:: INPUT DATA

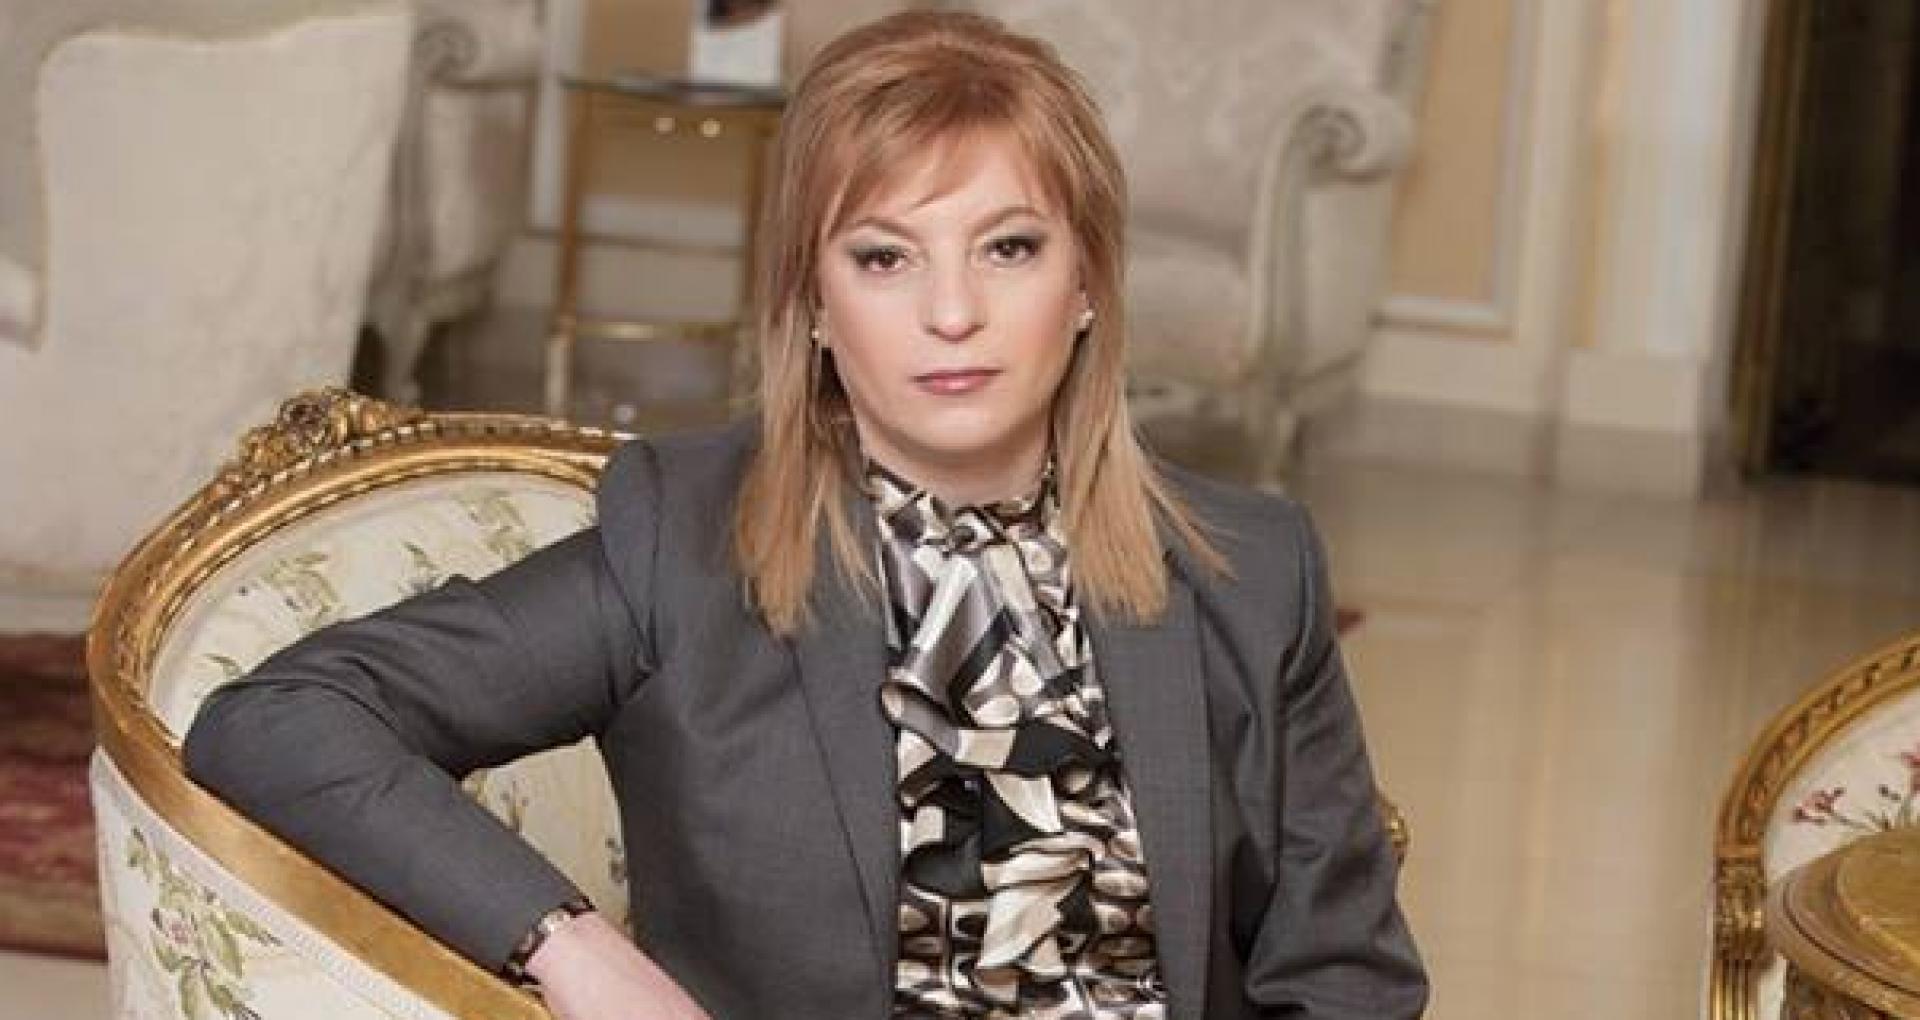 """Ultima oră! Mariana Durleșteanu anunță că își retrage candidatura pentru funcția de premier: """"Nu sunt păpușa nimănui"""""""
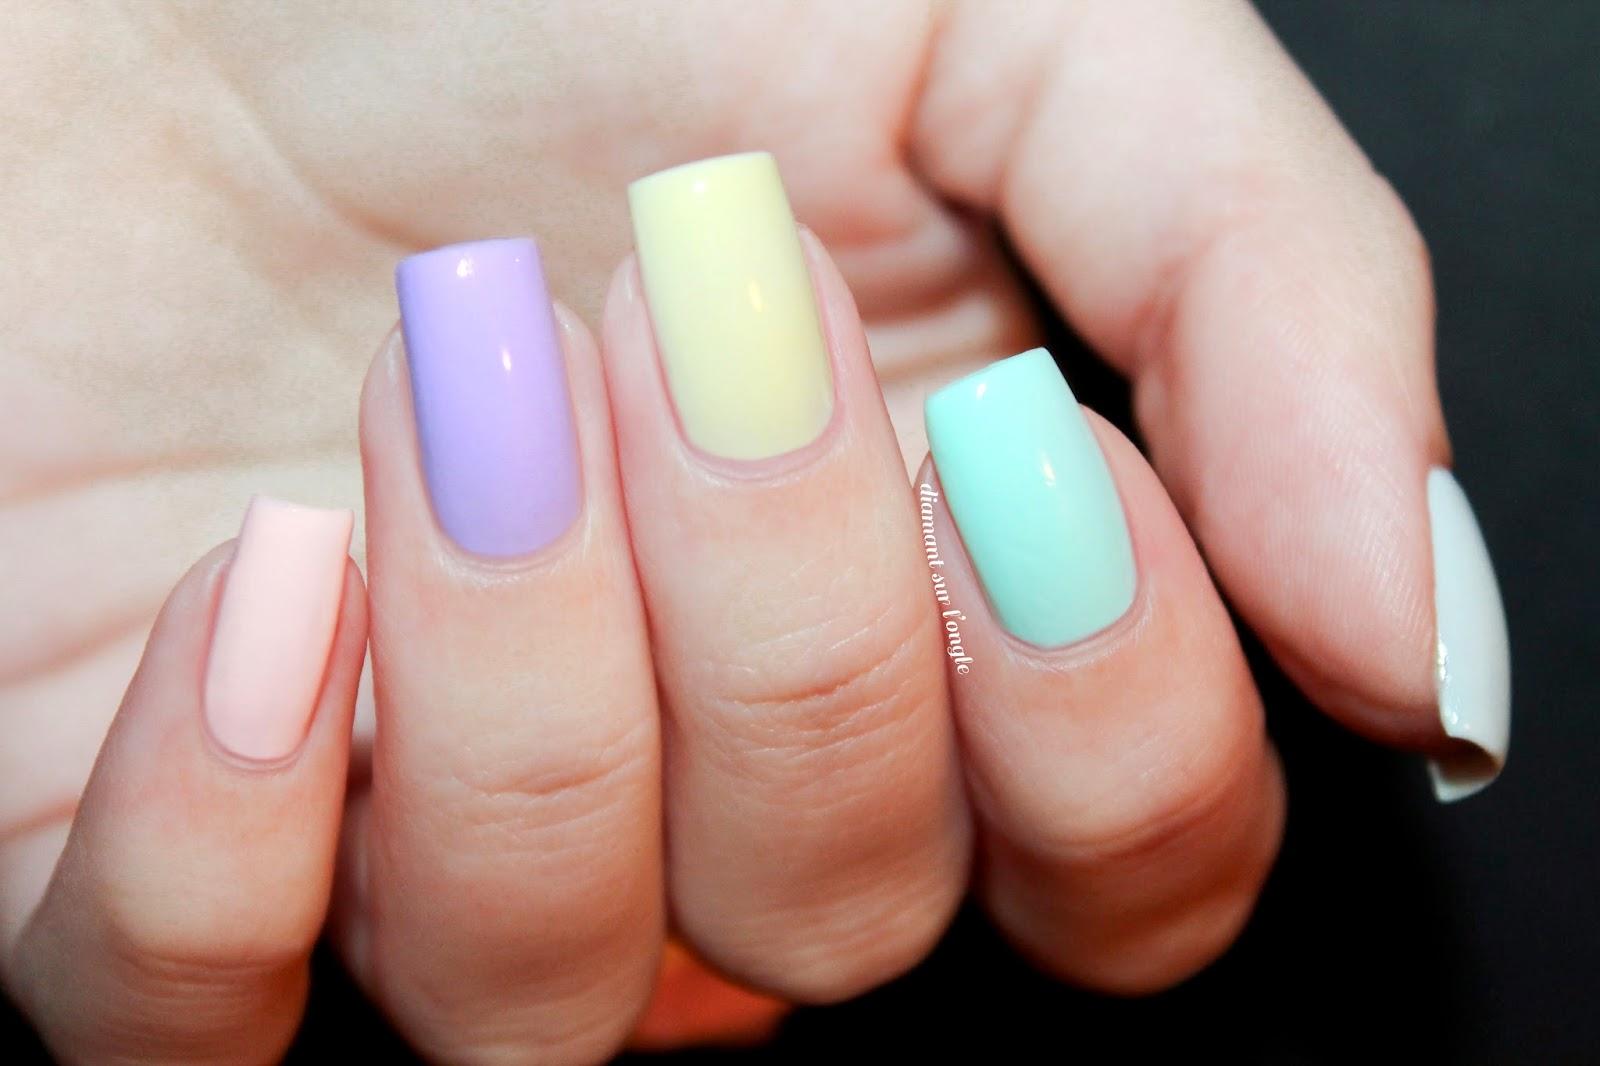 Skittle Rainbow Pastel Nail Art
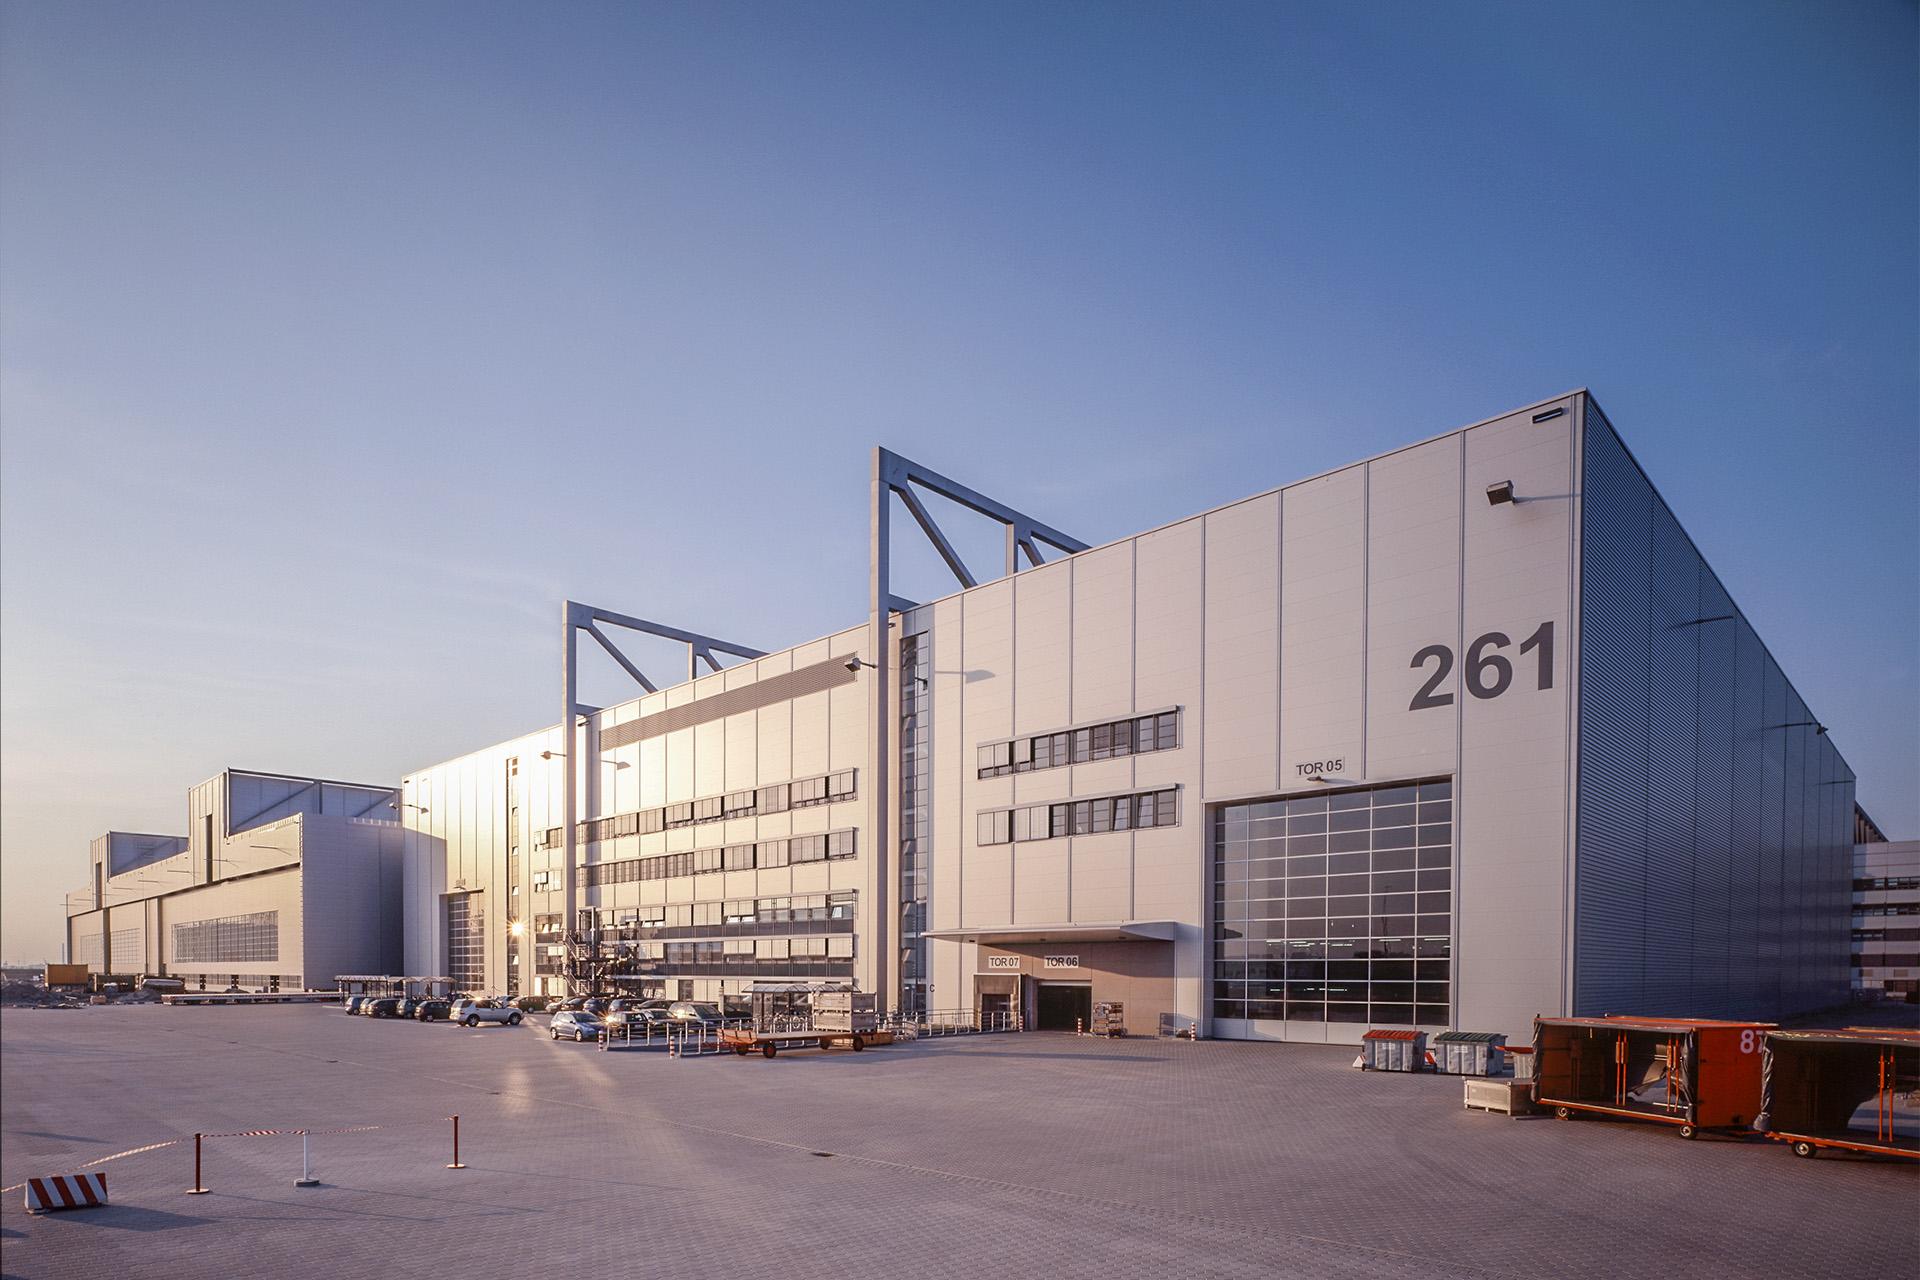 Airbus Halle 261
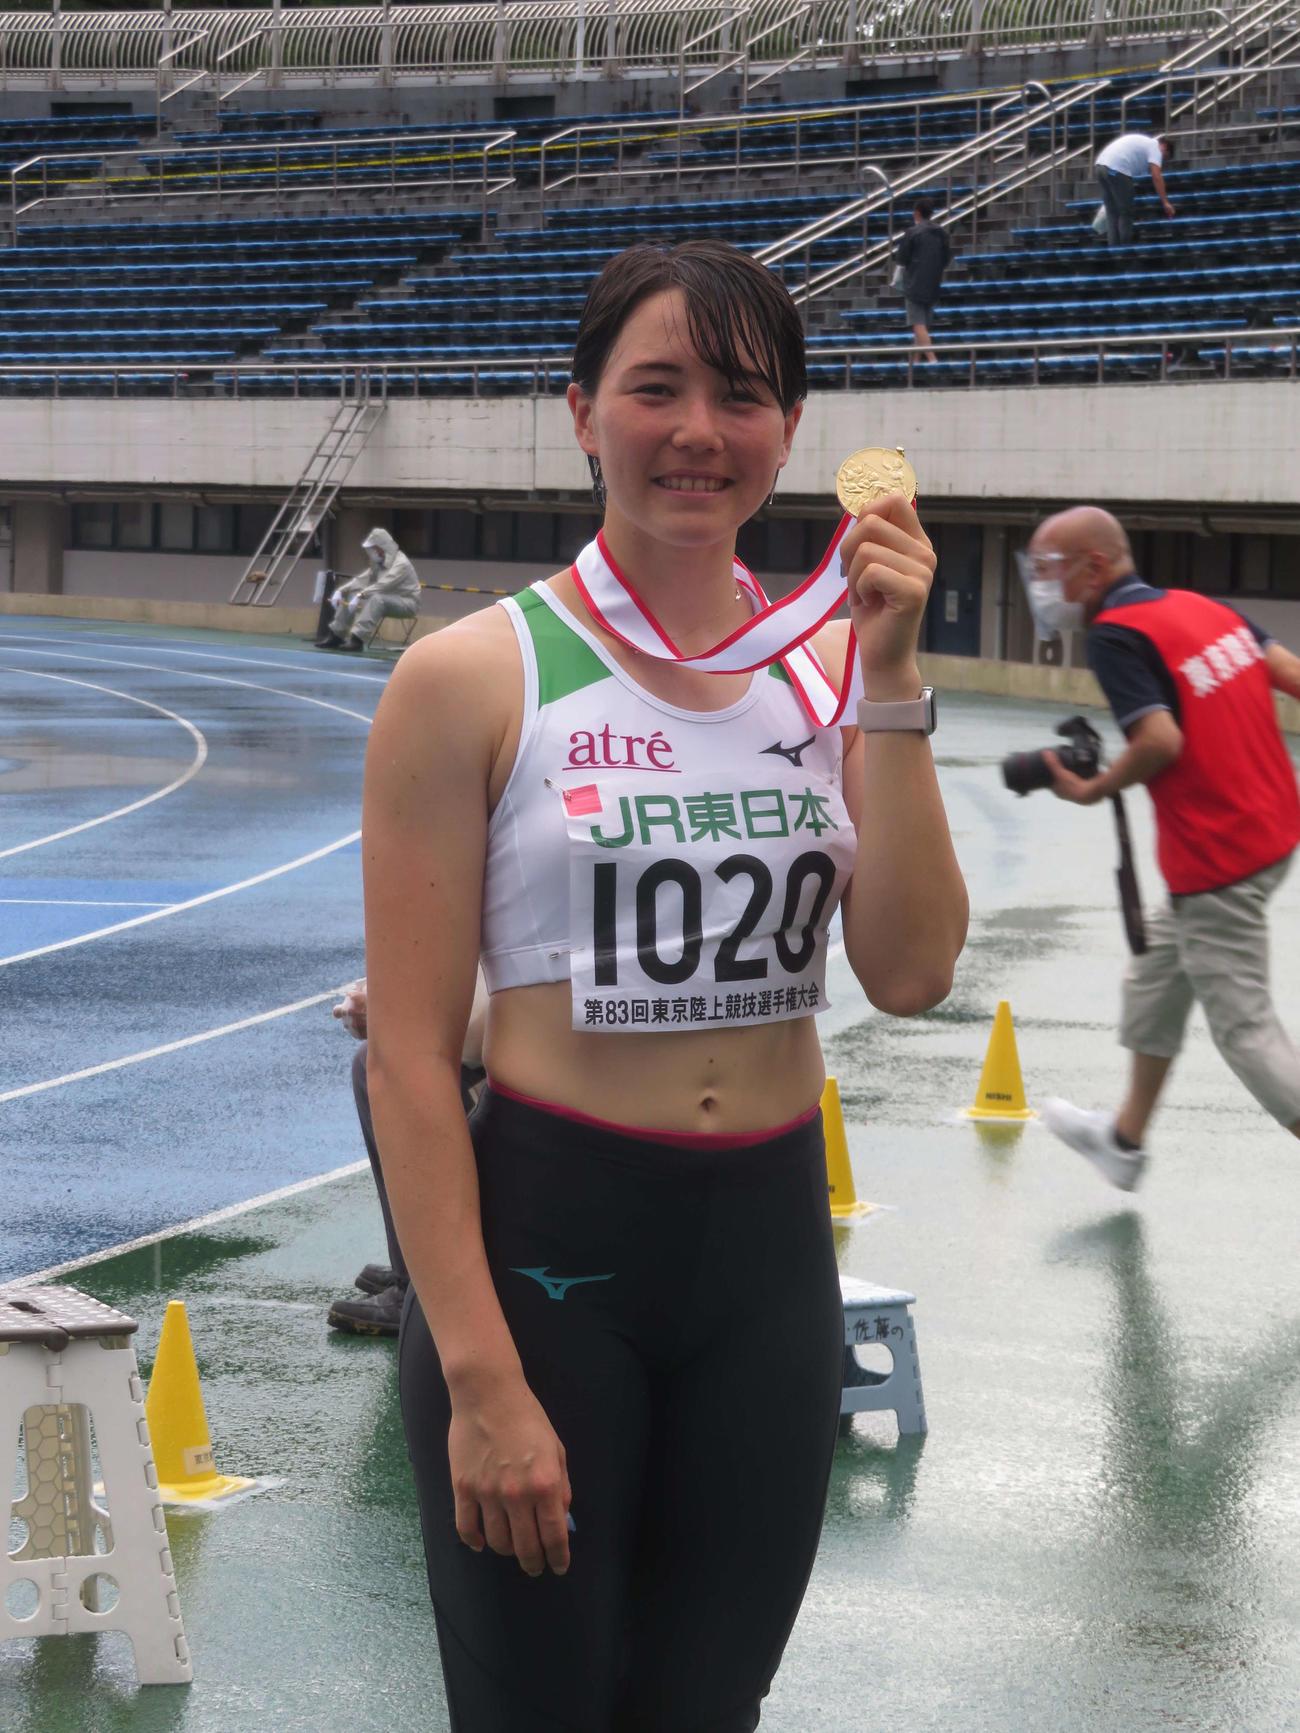 7種競技を優勝し、笑顔で金メダルを手にするヘンプヒル(撮影・上田悠太)

::::

TASK GOAL: Everything from the line with "Skittle Rainbow Pastel Nail Art" through the last line of the listing above is to be copied exactly, both ends included, except the pictures.

TASK SOLUTION:
 Skittle Rainbow Pastel Nail Art
 Airbus Halle 261
 7種競技を優勝し、笑顔で金メダルを手にするヘンプヒル(撮影・上田悠太)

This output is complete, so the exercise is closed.